* _What you have to do_
Copy out the listing that follows exactly, dropping every picture.

* _Raw data_
◆ ◆ ◆ ◆ ◆ ◆ ◆

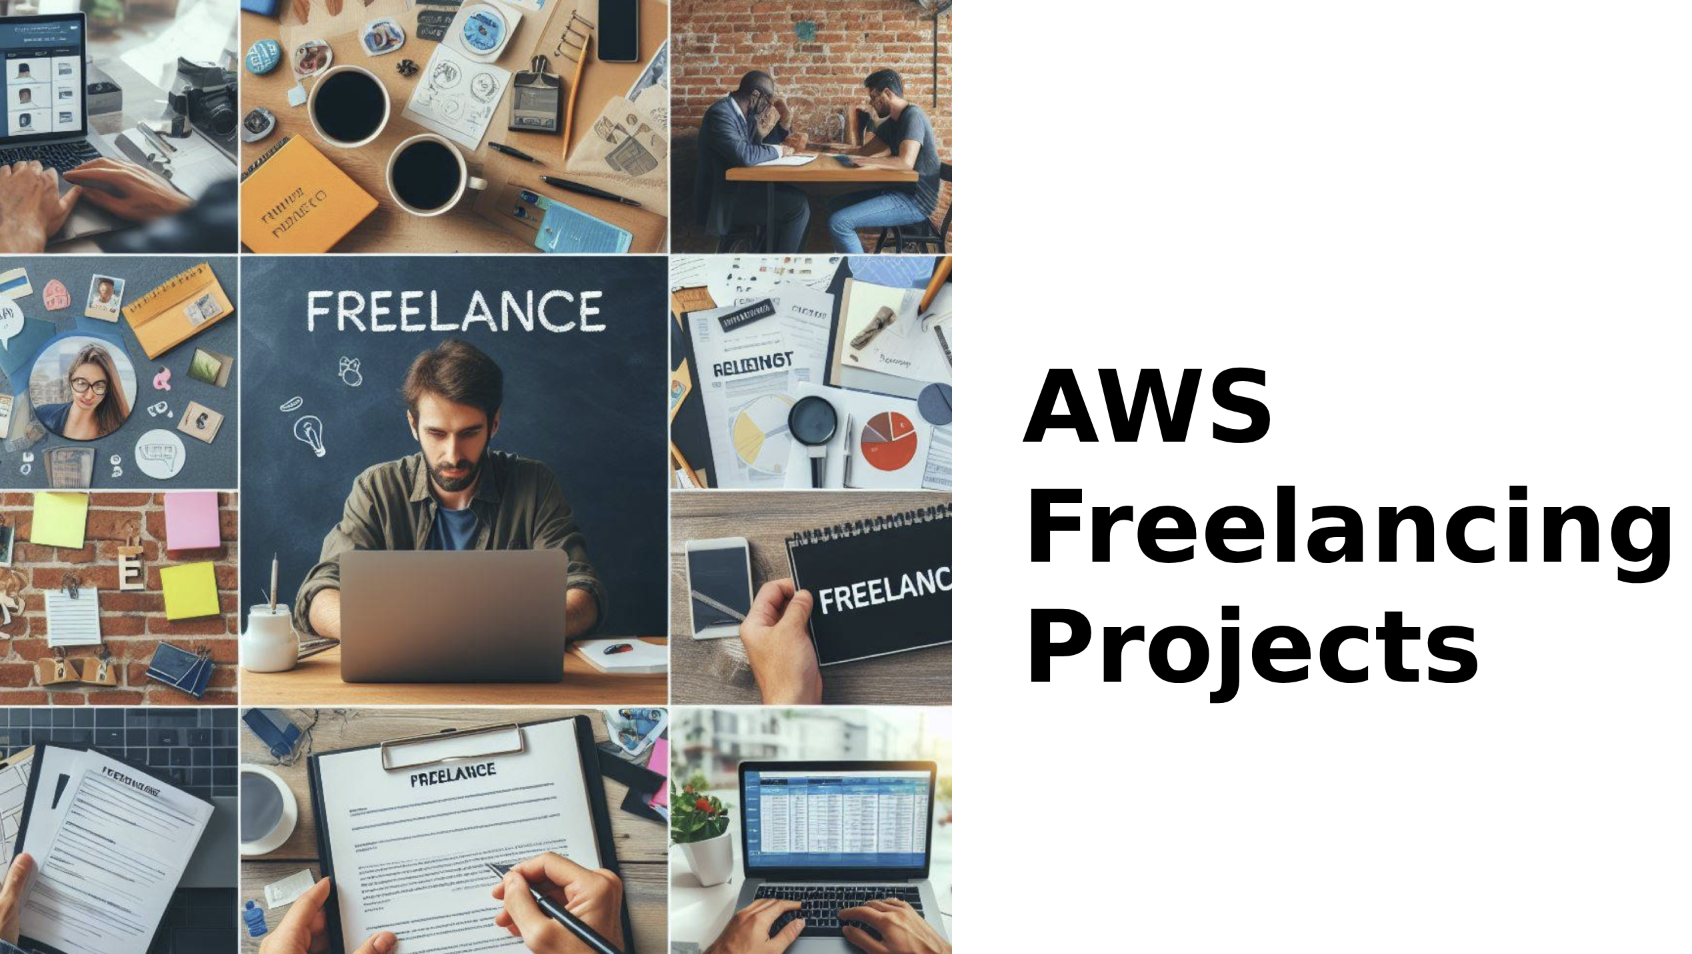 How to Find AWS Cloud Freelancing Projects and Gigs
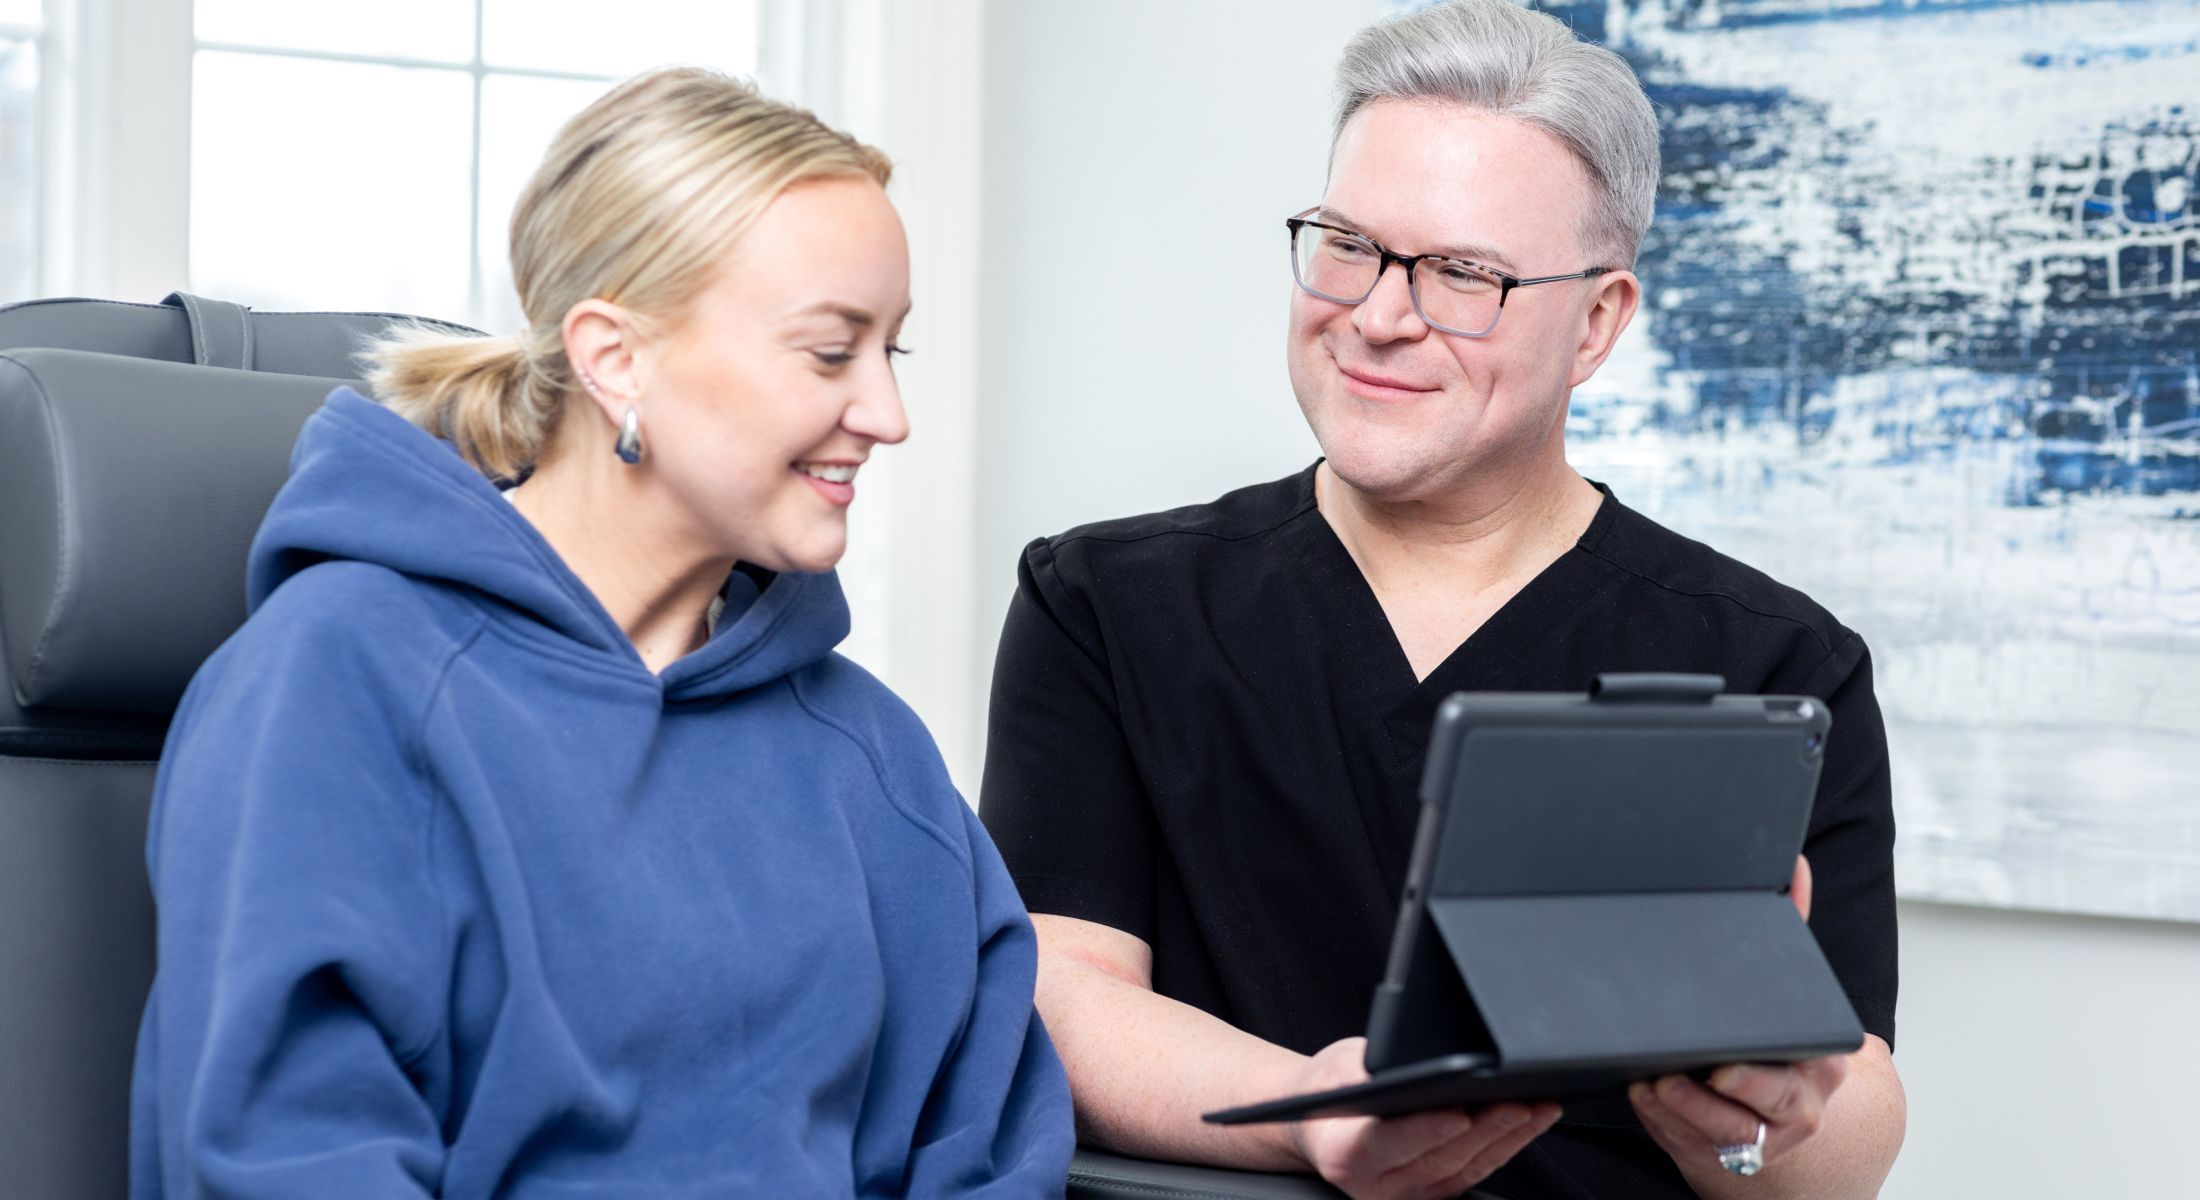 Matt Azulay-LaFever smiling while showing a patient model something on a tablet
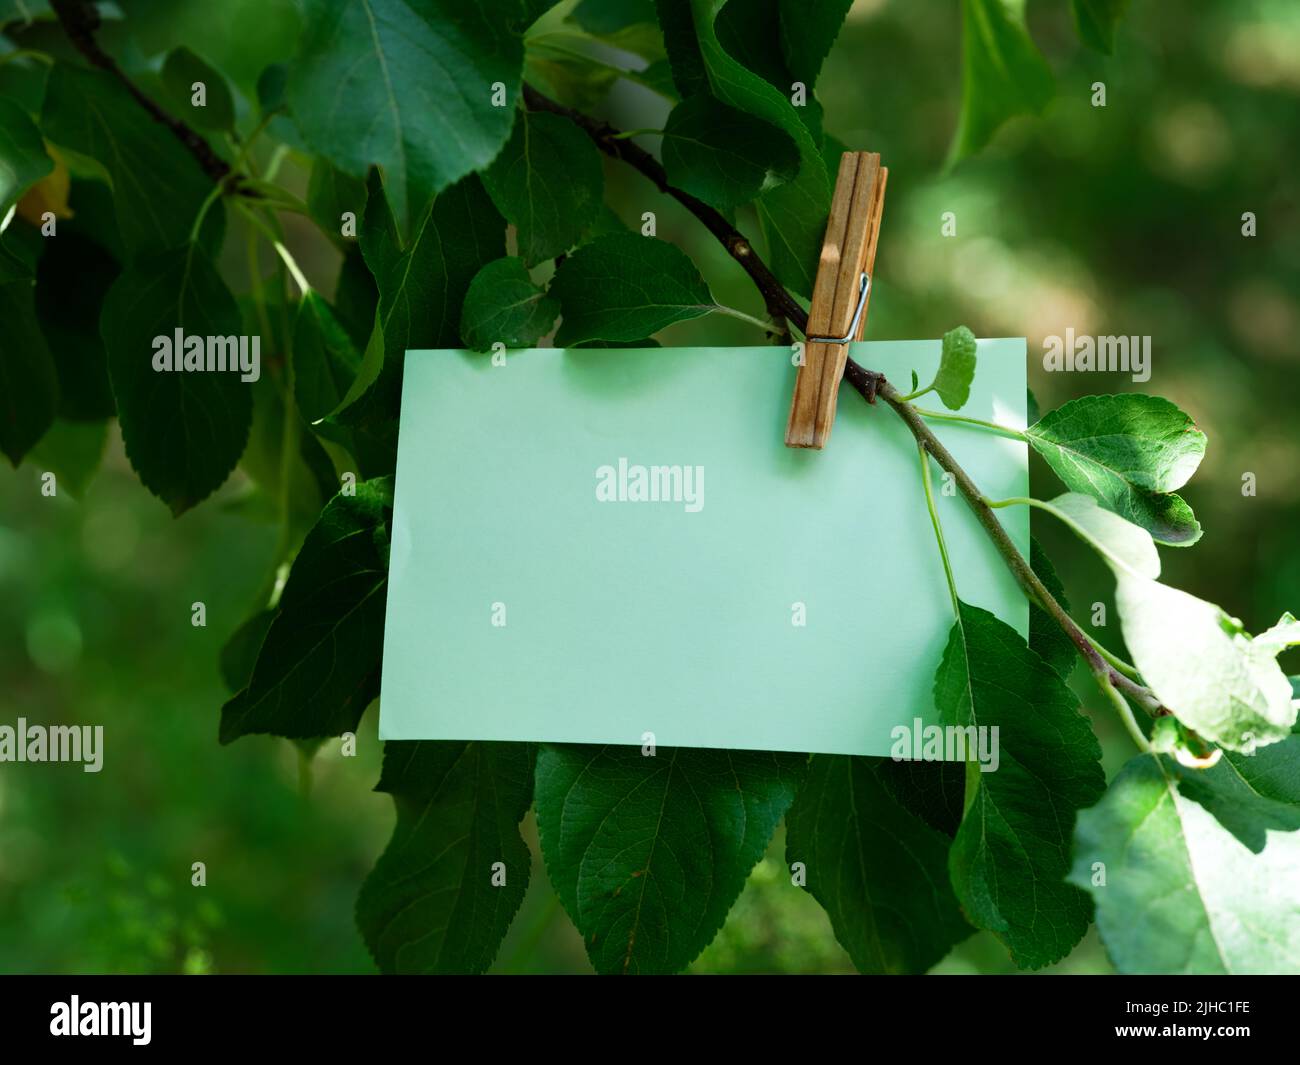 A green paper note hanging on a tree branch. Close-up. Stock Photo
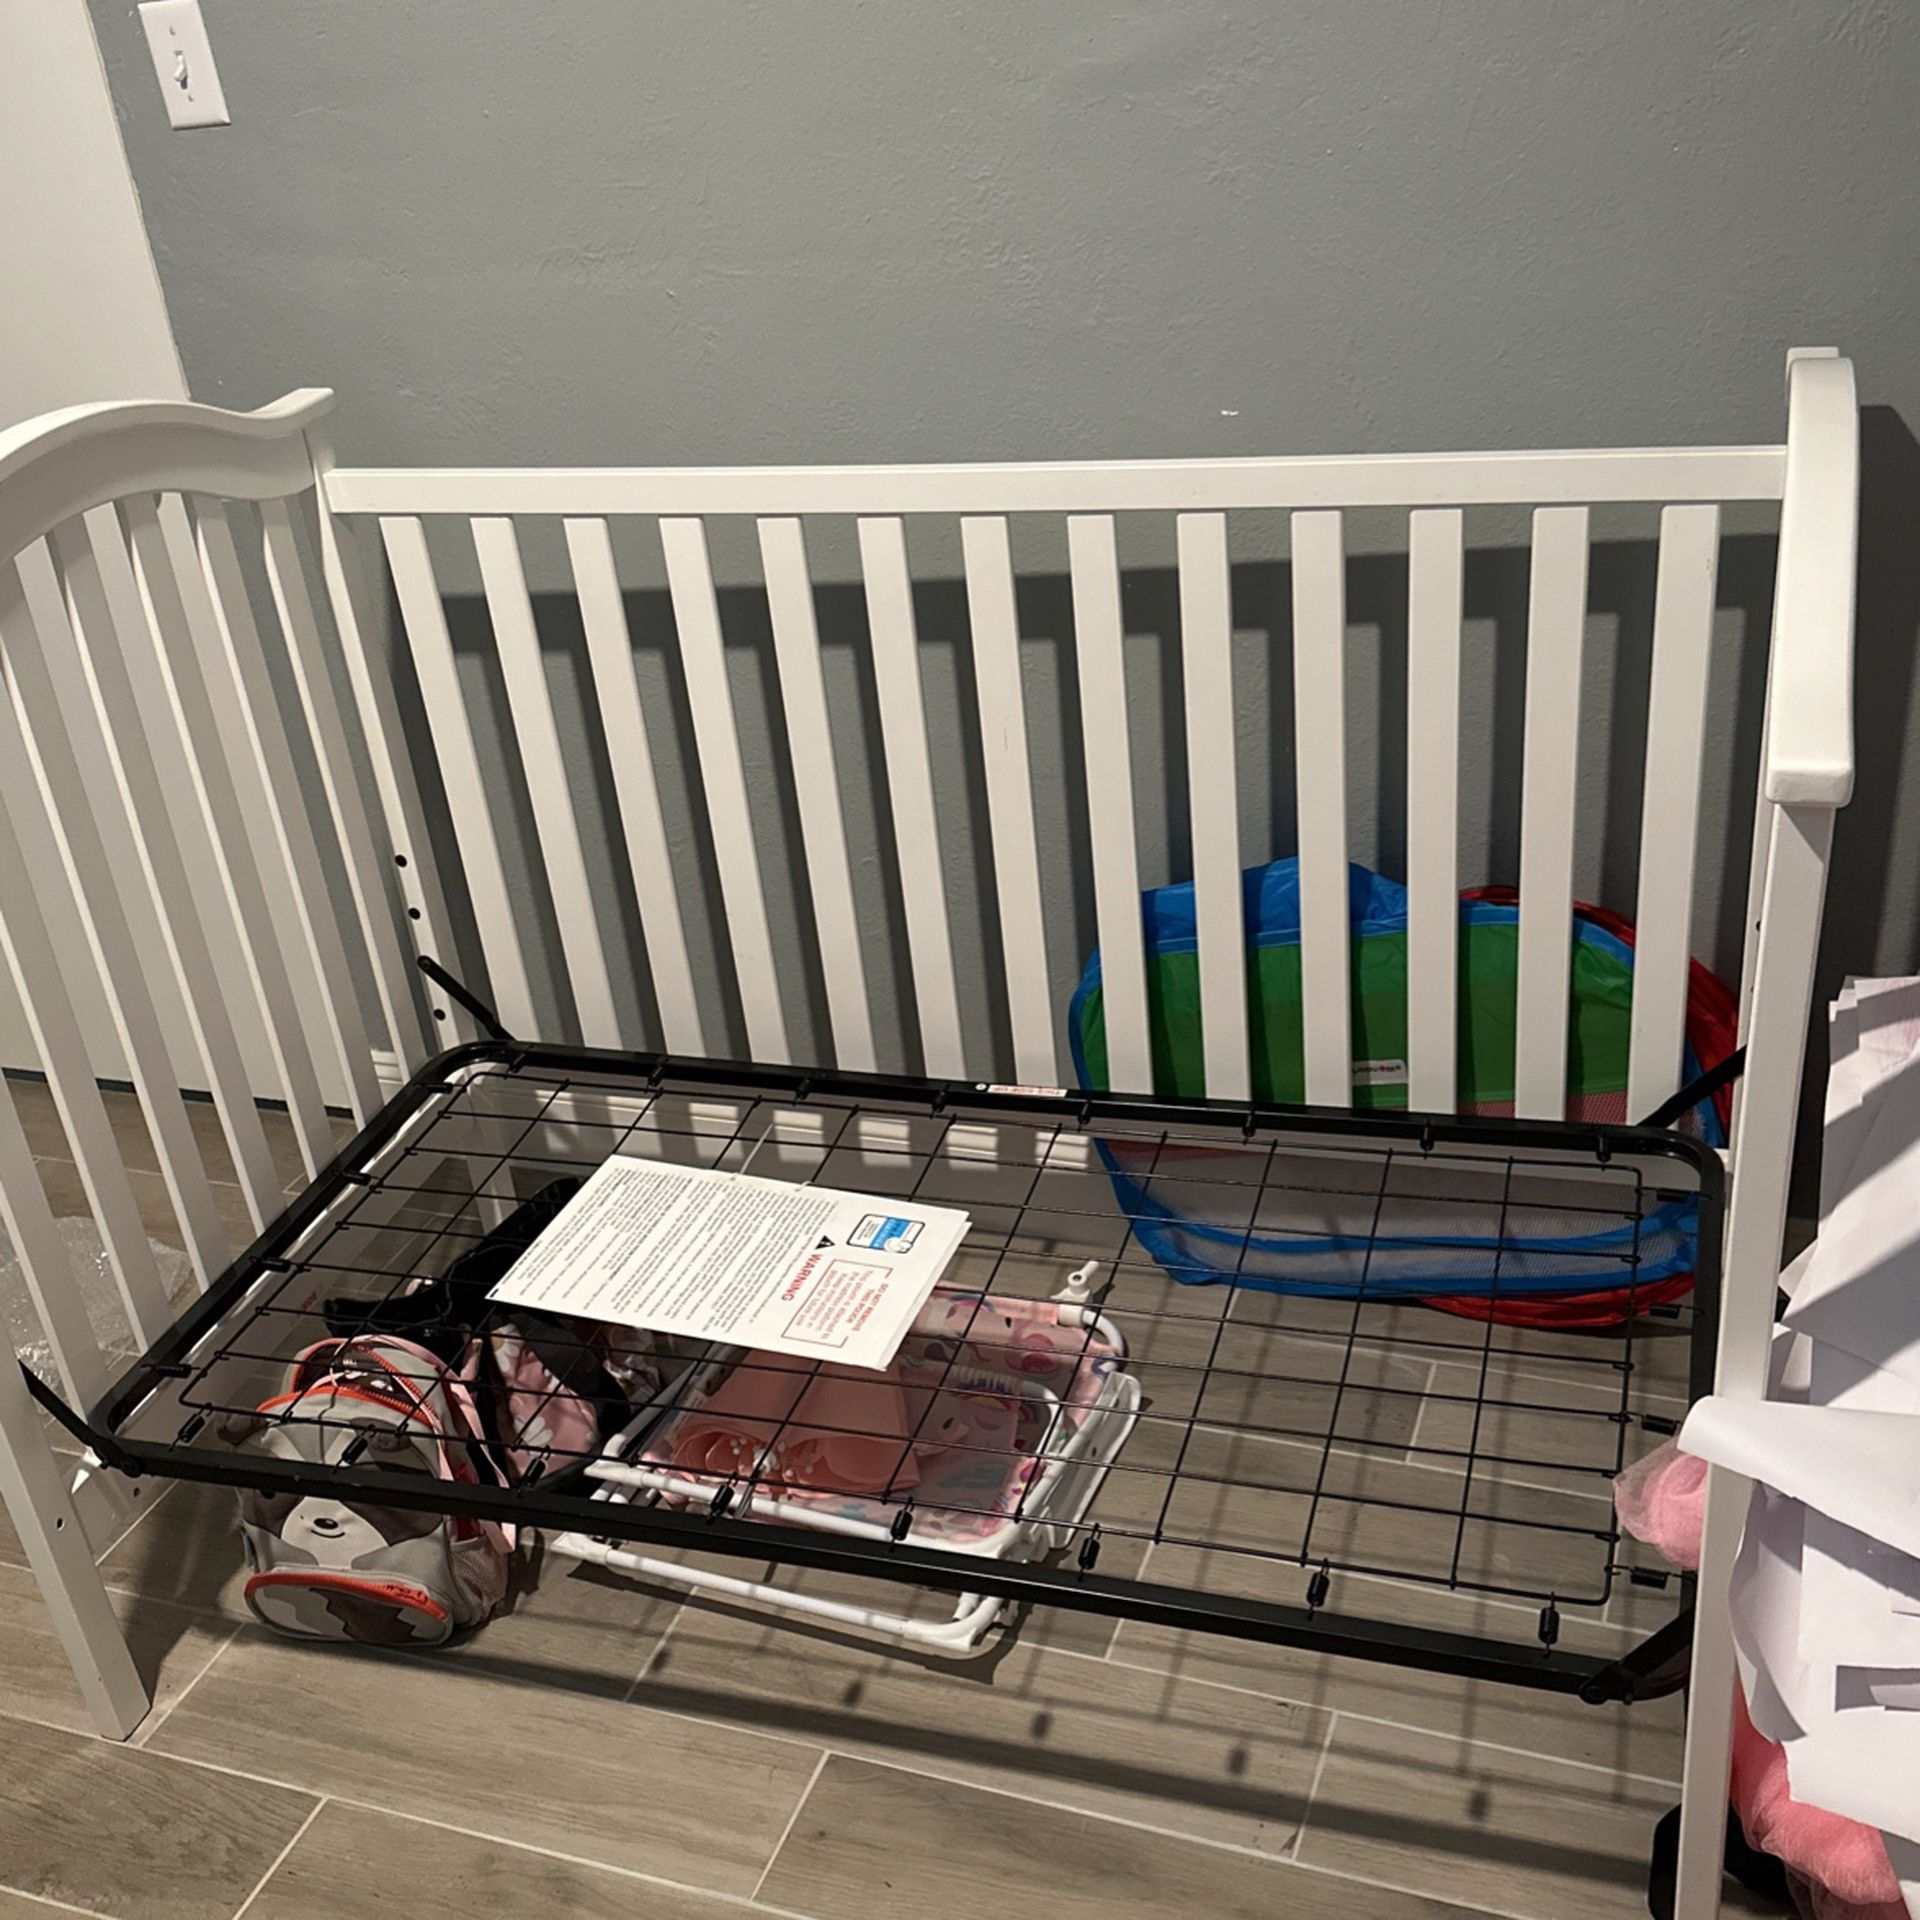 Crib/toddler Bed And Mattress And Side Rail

◆ ◆ ◆ ◆ ◆ ◆ ◆

* _Task answer_
 How to Find AWS Cloud Freelancing Projects and Gigs
 Matt Azulay-LaFever smiling while showing a patient model something on a tablet
 A green paper note hanging on a tree branch. Close-up. Stock Photo
 Crib/toddler Bed And Mattress And Side Rail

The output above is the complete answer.